ABOUT THIS EXERCISE: Output the data verbatim, minus the images.
Segment Start: DATA EXTRACT
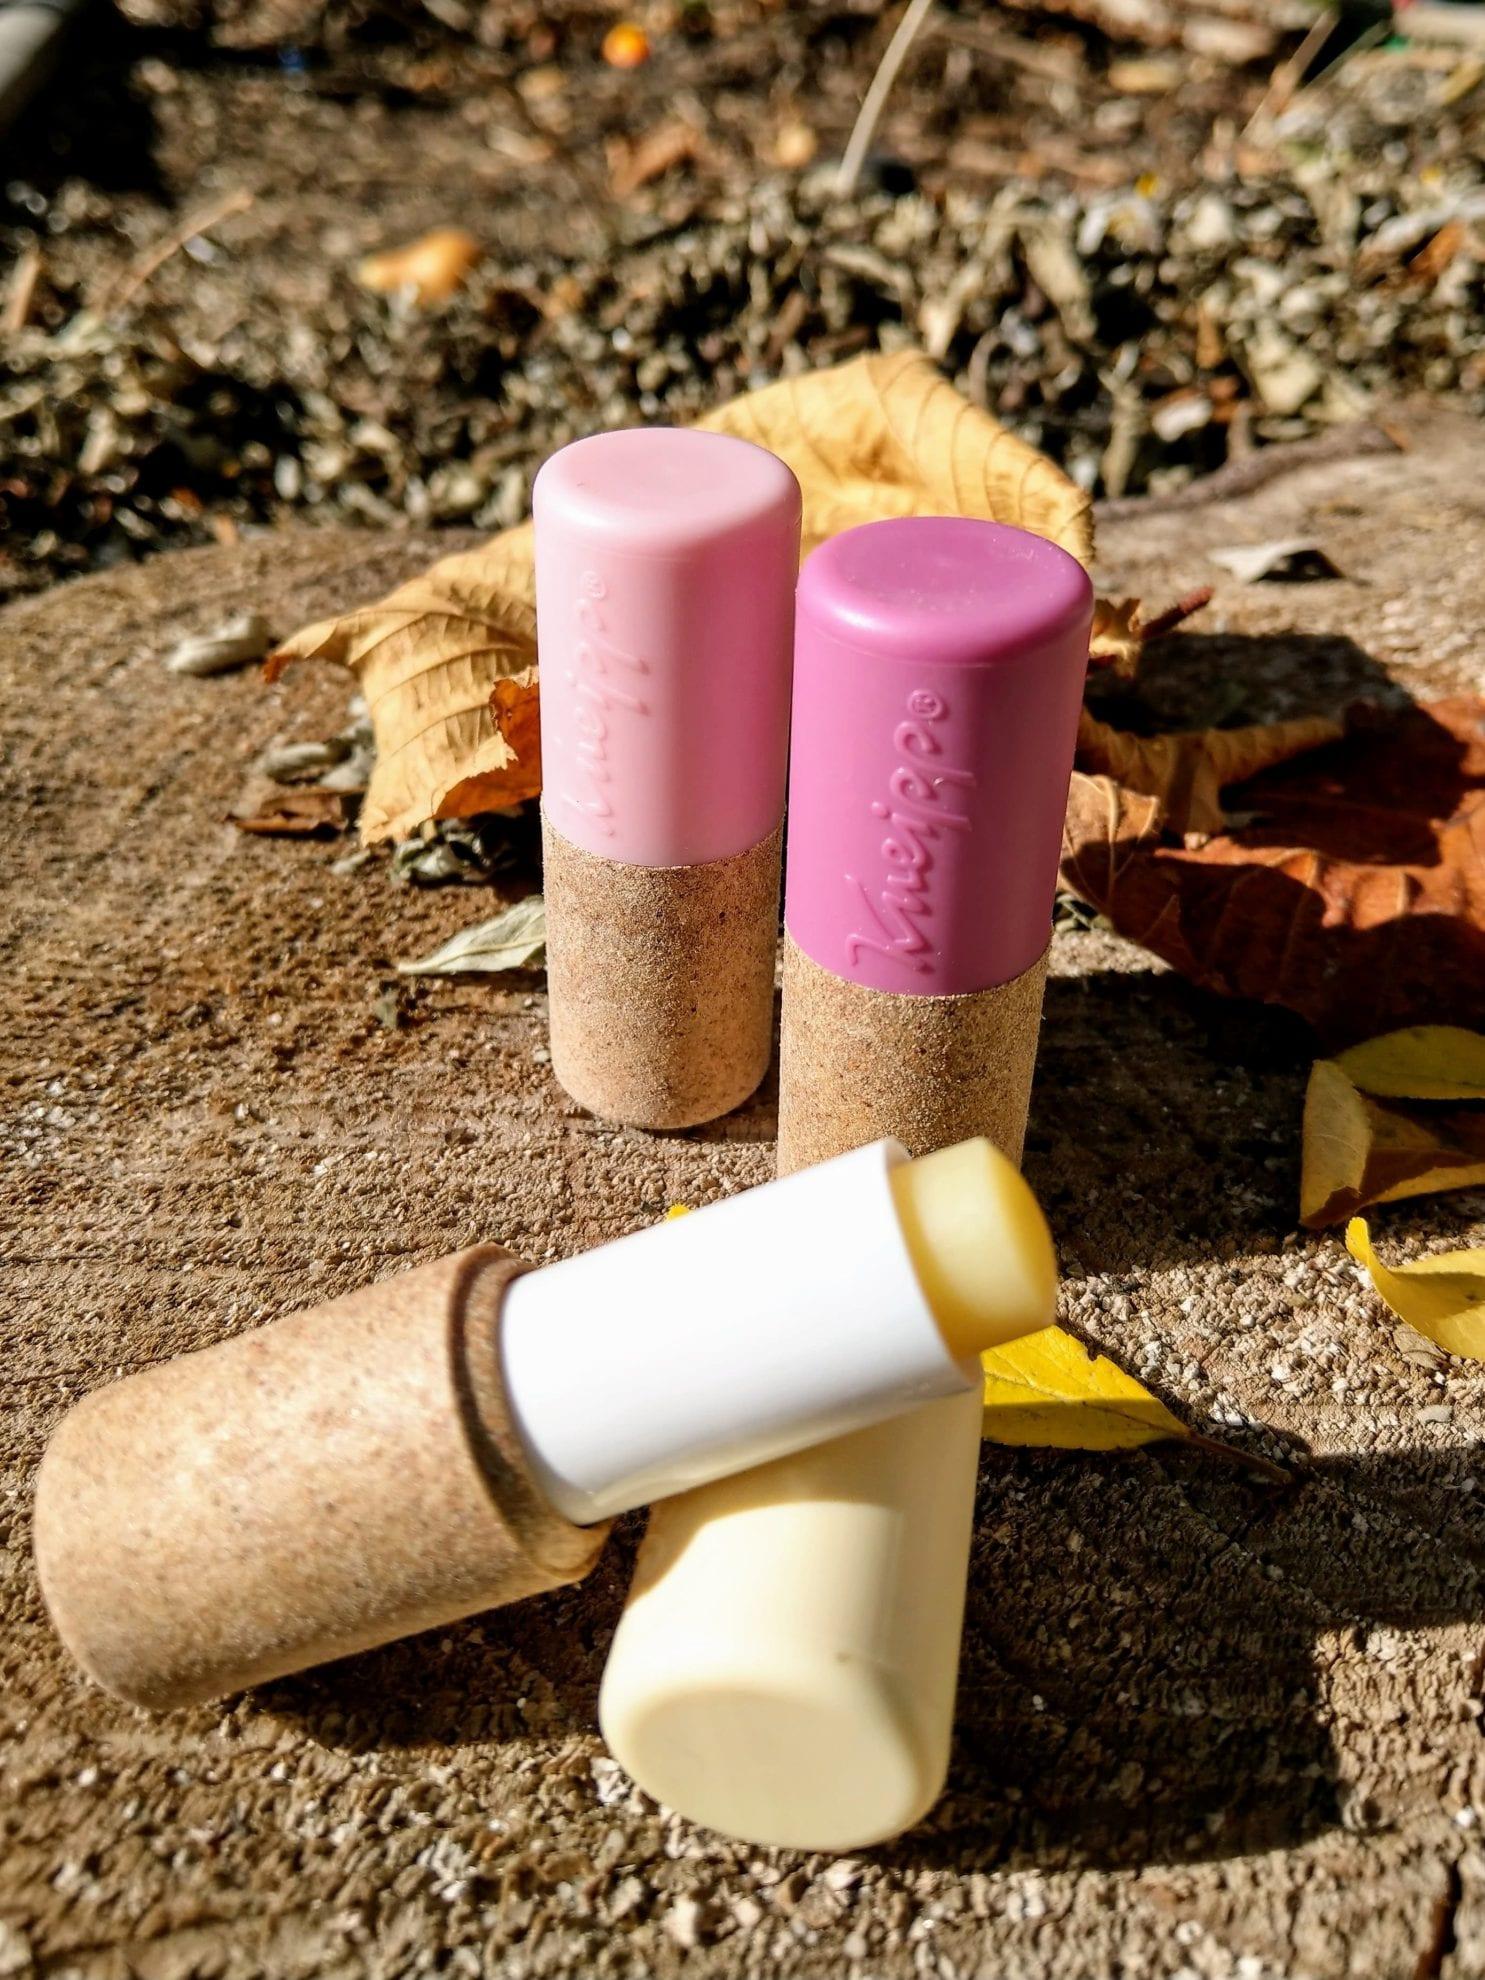 Unsere Morgenroutine im Herbst mit der Lippenpflege von Kneipp
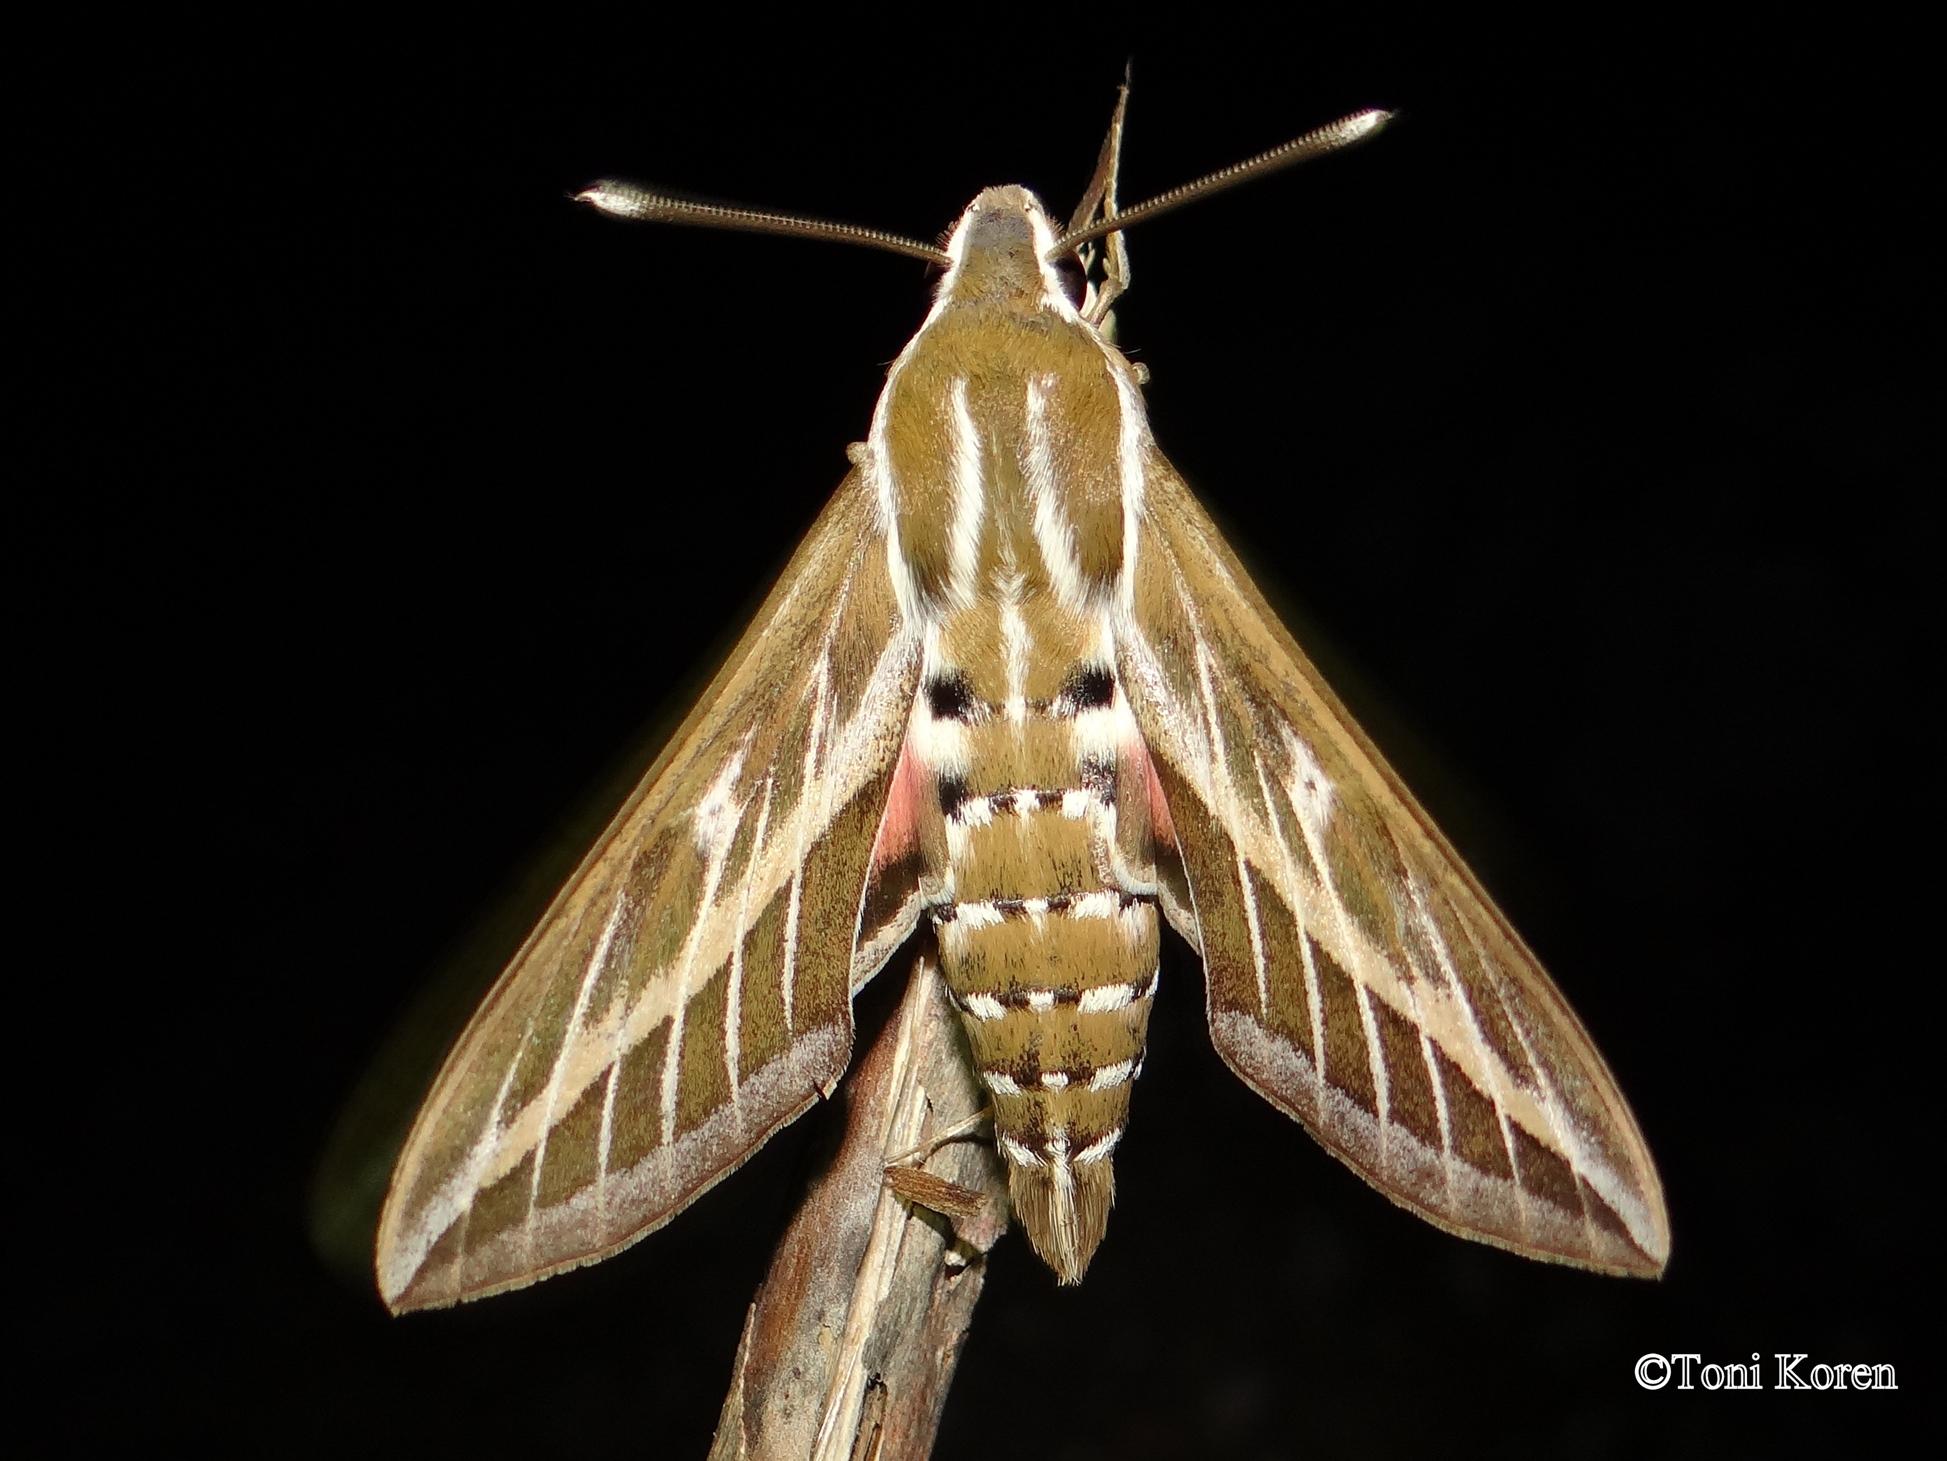 Istraživali smo faunu danjih i noćnih leptira Lokruma
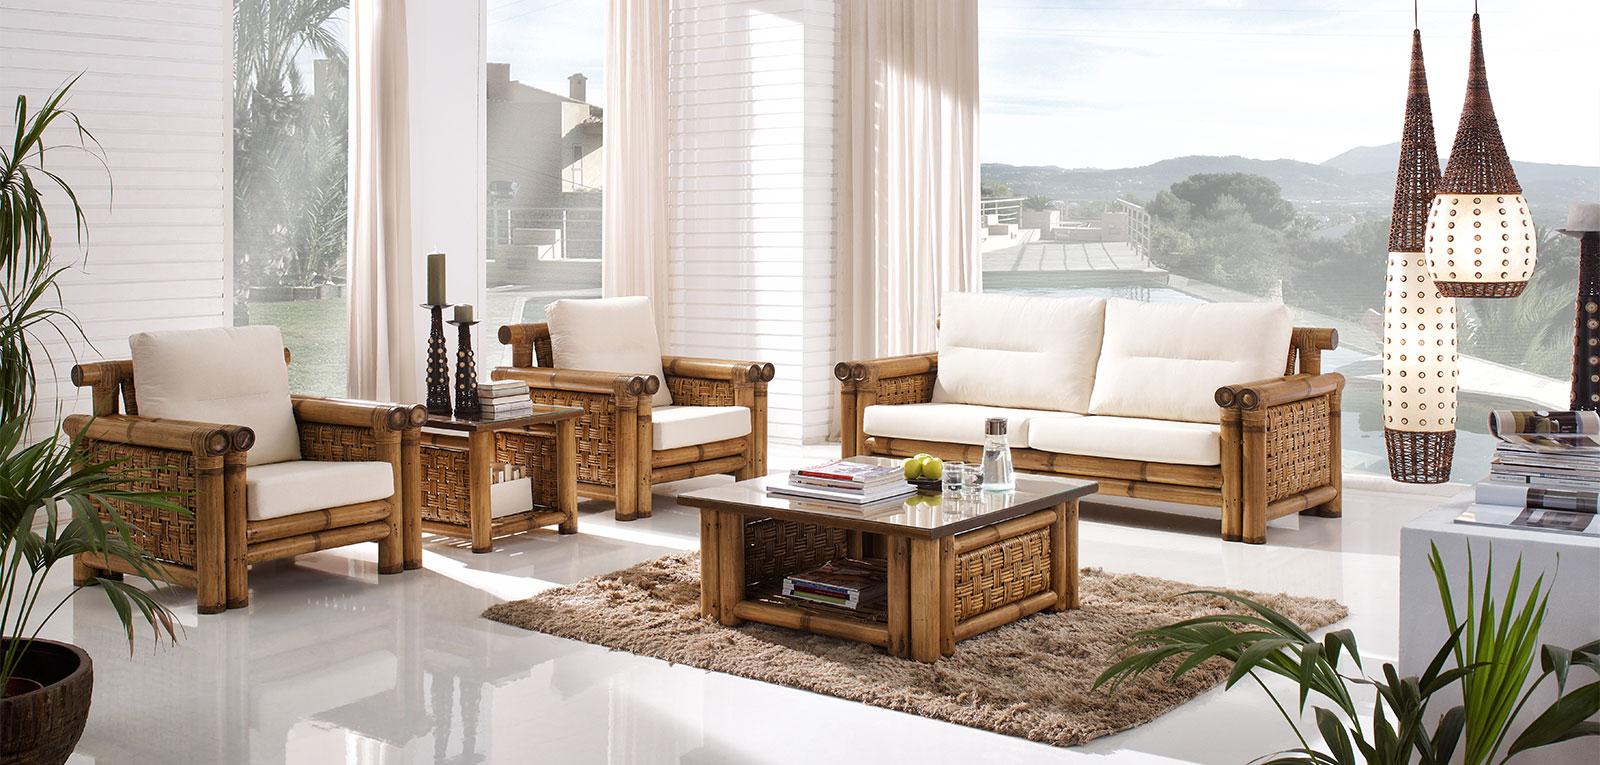 salon salon de jardin exotique meilleures id es pour la conception et l 39 ameublement du jardin. Black Bedroom Furniture Sets. Home Design Ideas
Segment End: DATA EXTRACT
SOLVED EXERCISE:
 Unsere Morgenroutine im Herbst mit der Lippenpflege von Kneipp
 Istraživali smo faunu danjih i noćnih leptira Lokruma
 salon salon de jardin exotique meilleures id es pour la conception et l 39 ameublement du jardin. Black Bedroom Furniture Sets. Home Design Ideas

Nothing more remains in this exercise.